The problem:
Below this line are records; write out exactly the lines from the one containing "Chloropidae: Meromyza sp. (female) (2)" through the one containing "Surrogate Humanity", with the pictures left out.

Records provided:

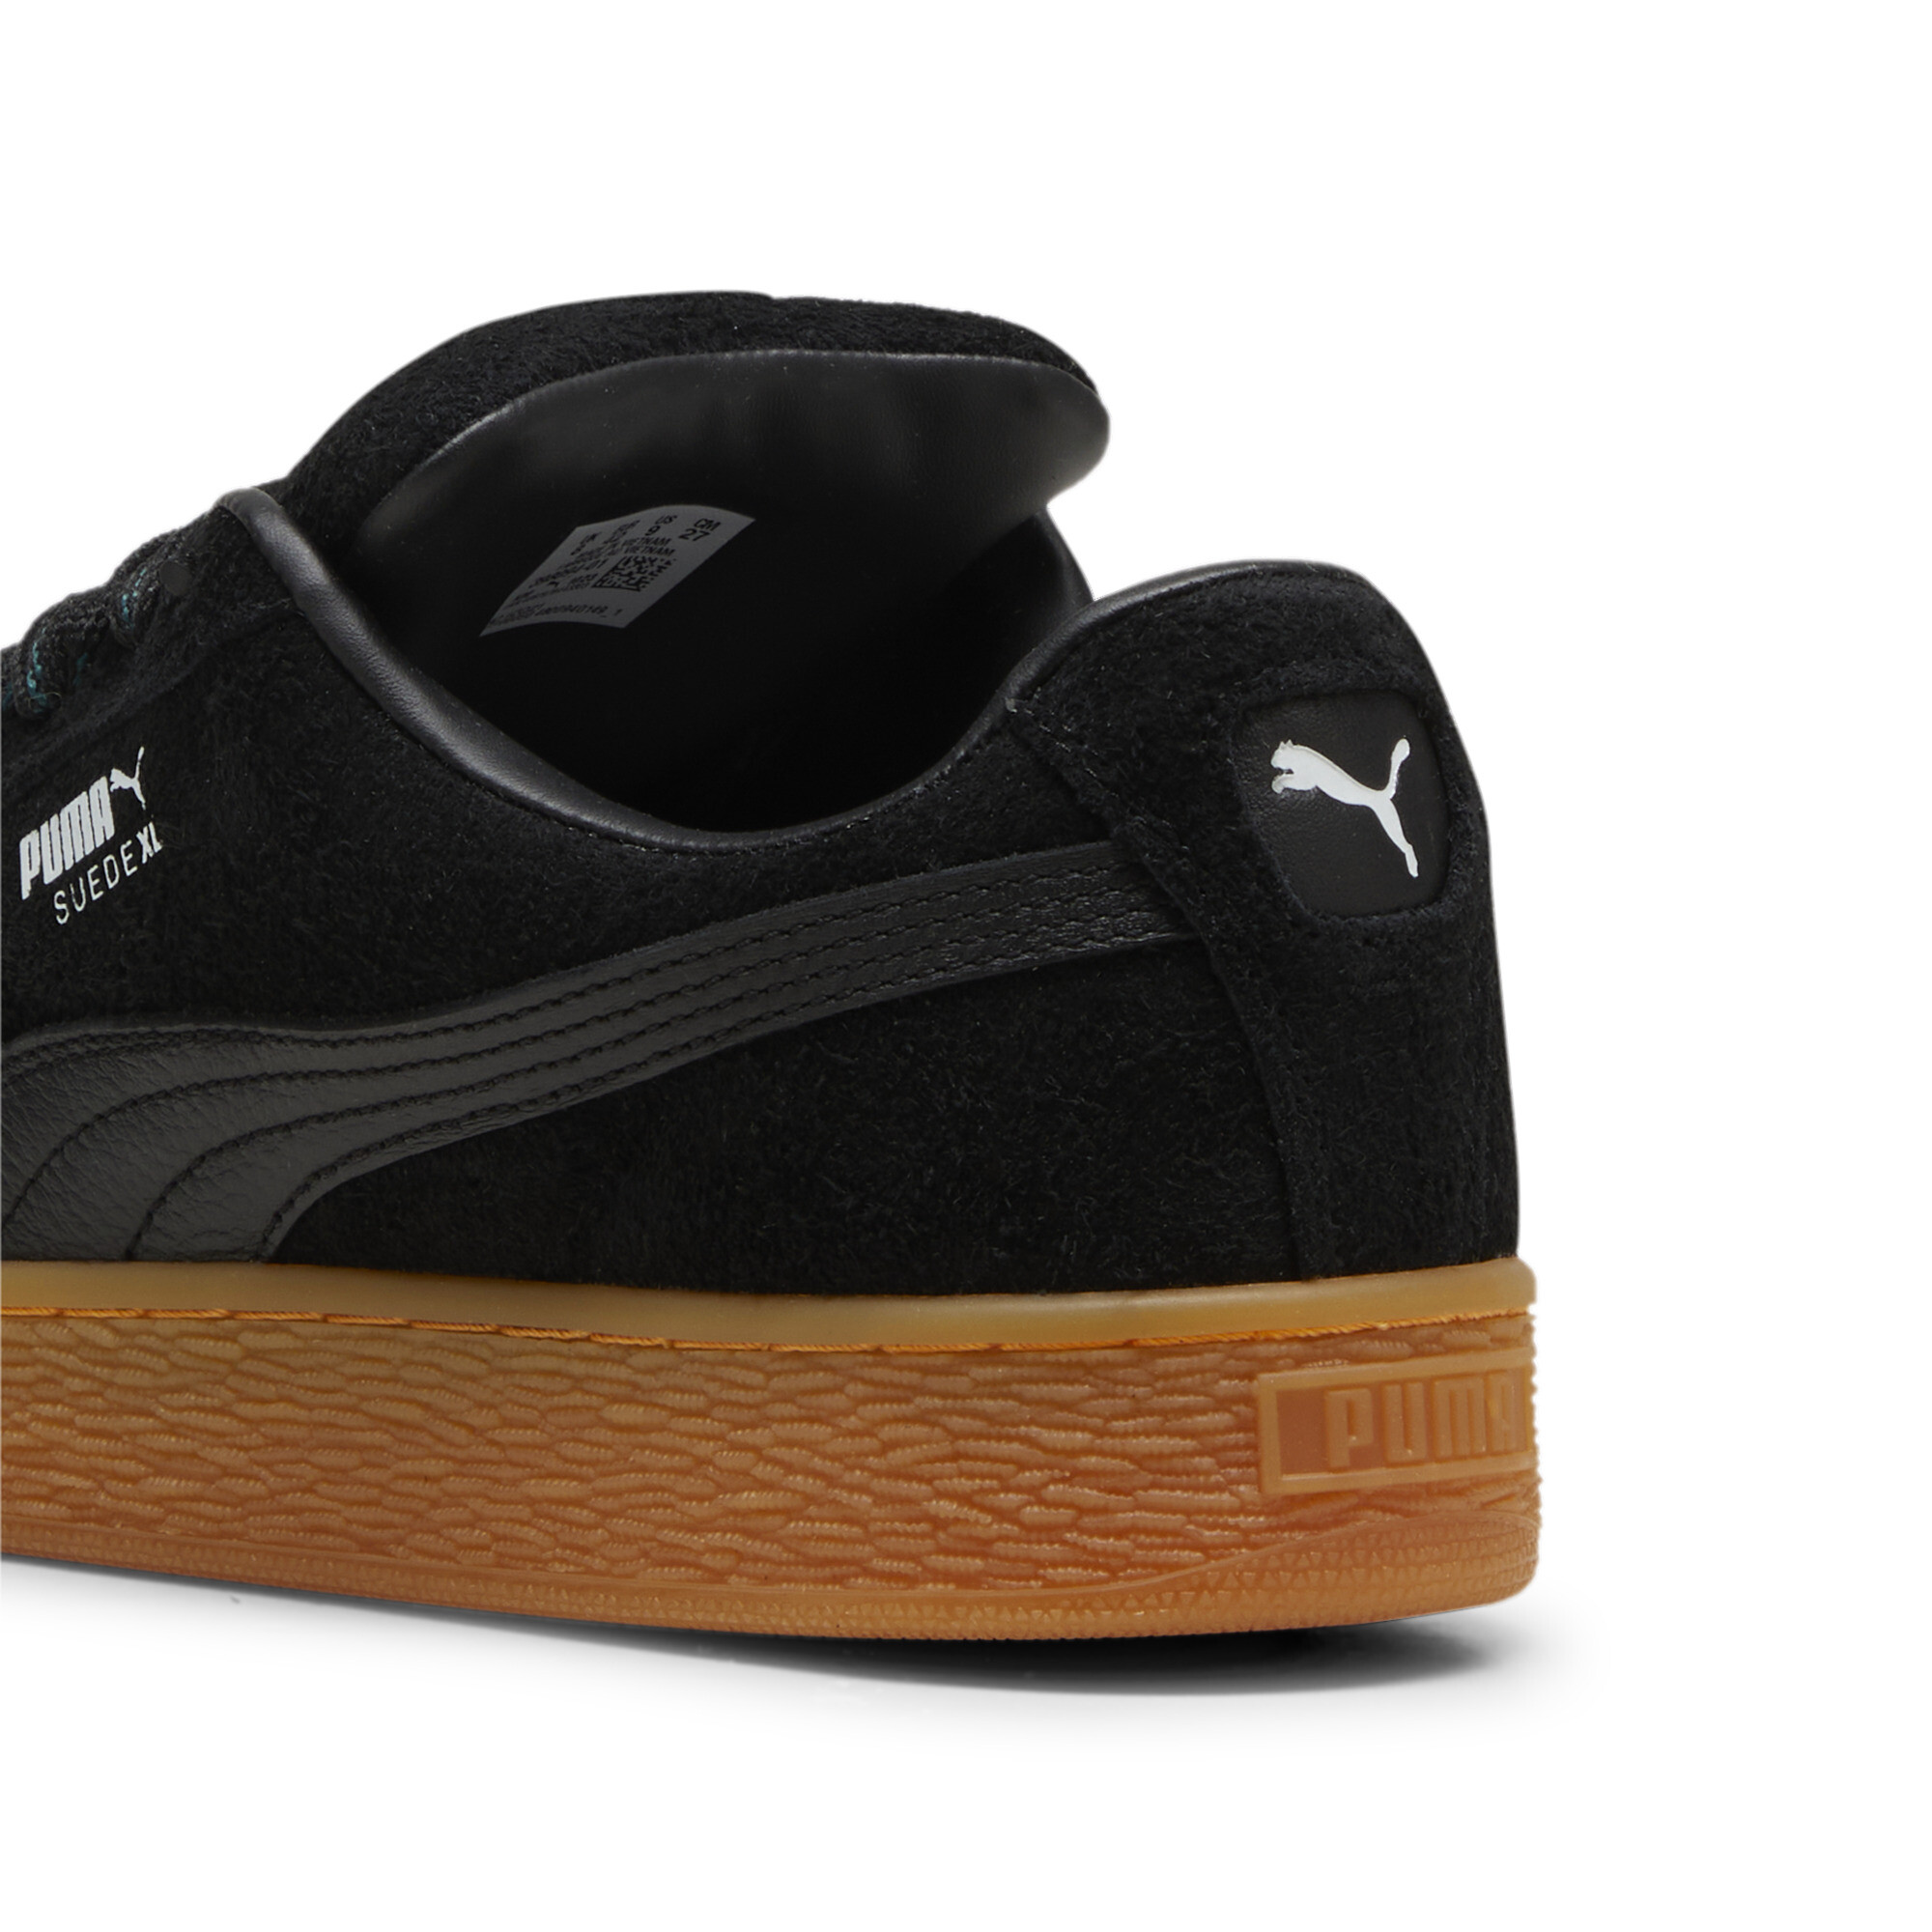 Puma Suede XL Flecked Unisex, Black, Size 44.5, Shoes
---
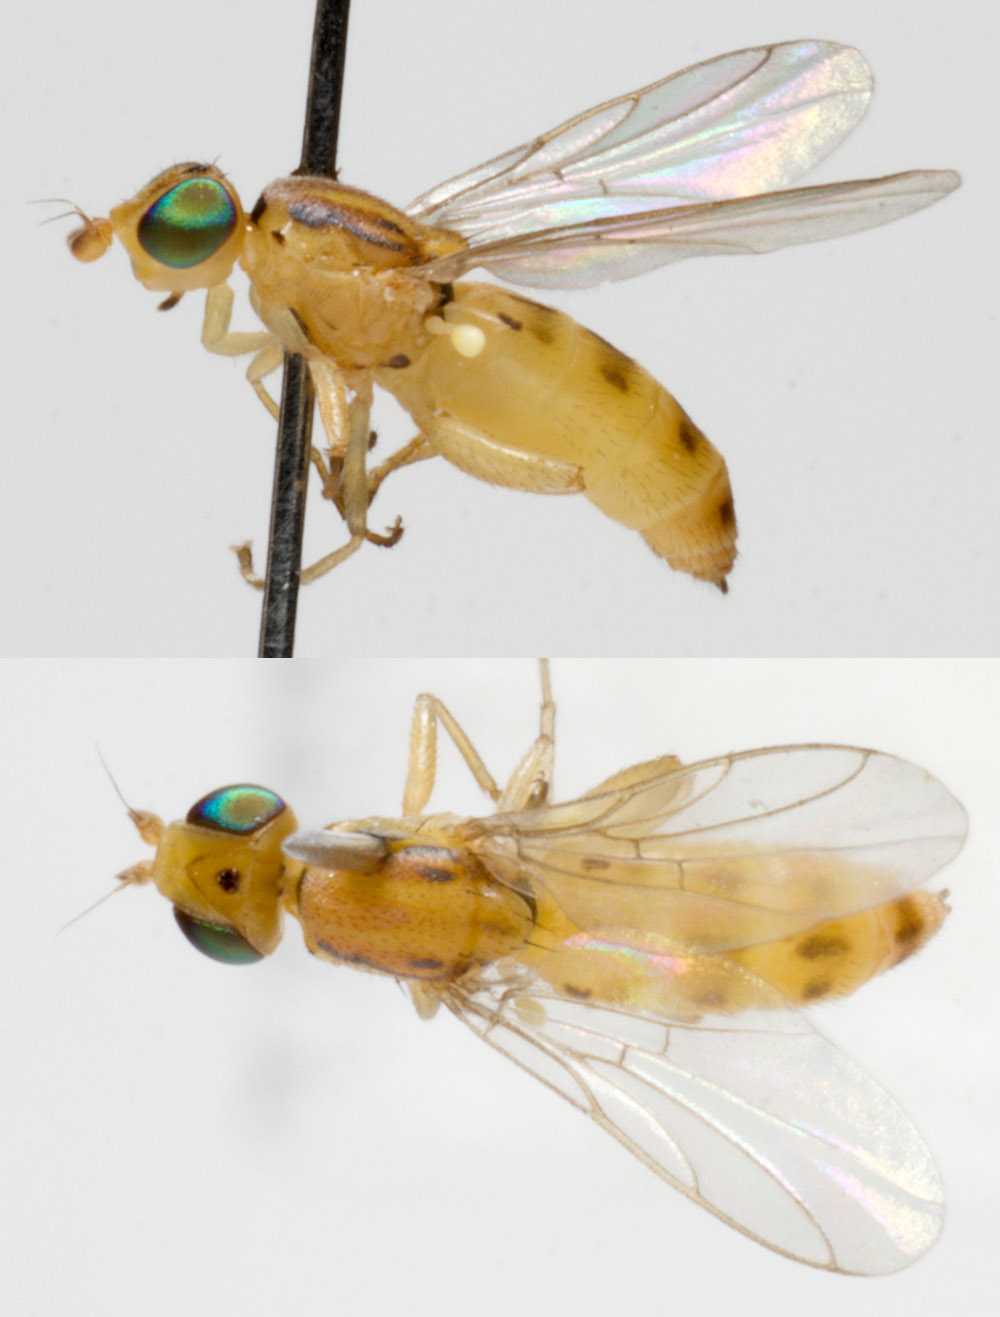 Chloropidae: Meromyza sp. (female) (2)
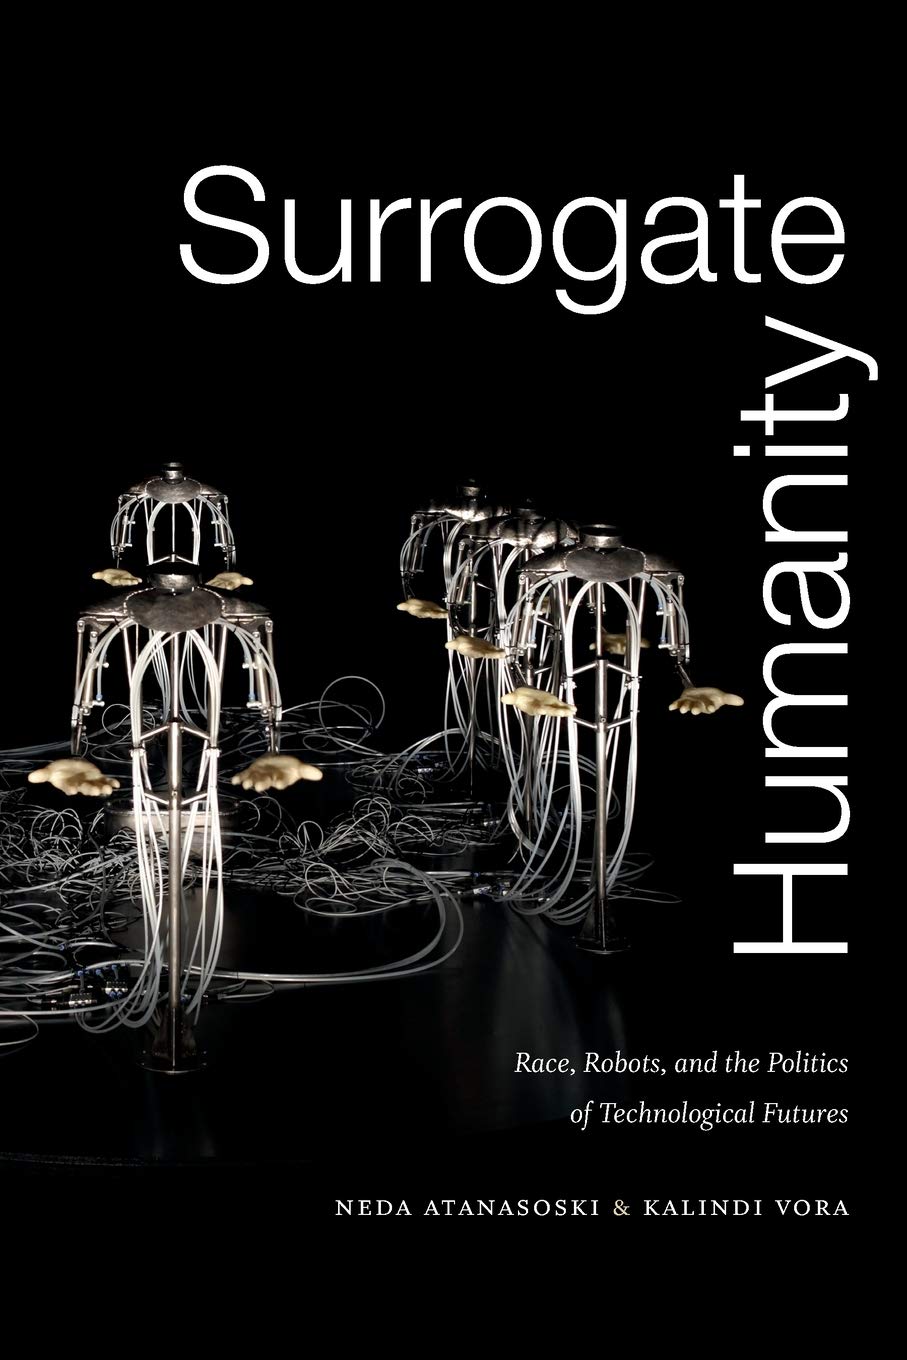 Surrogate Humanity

Answer to the exercise:
 Chloropidae: Meromyza sp. (female) (2)
 Surrogate Humanity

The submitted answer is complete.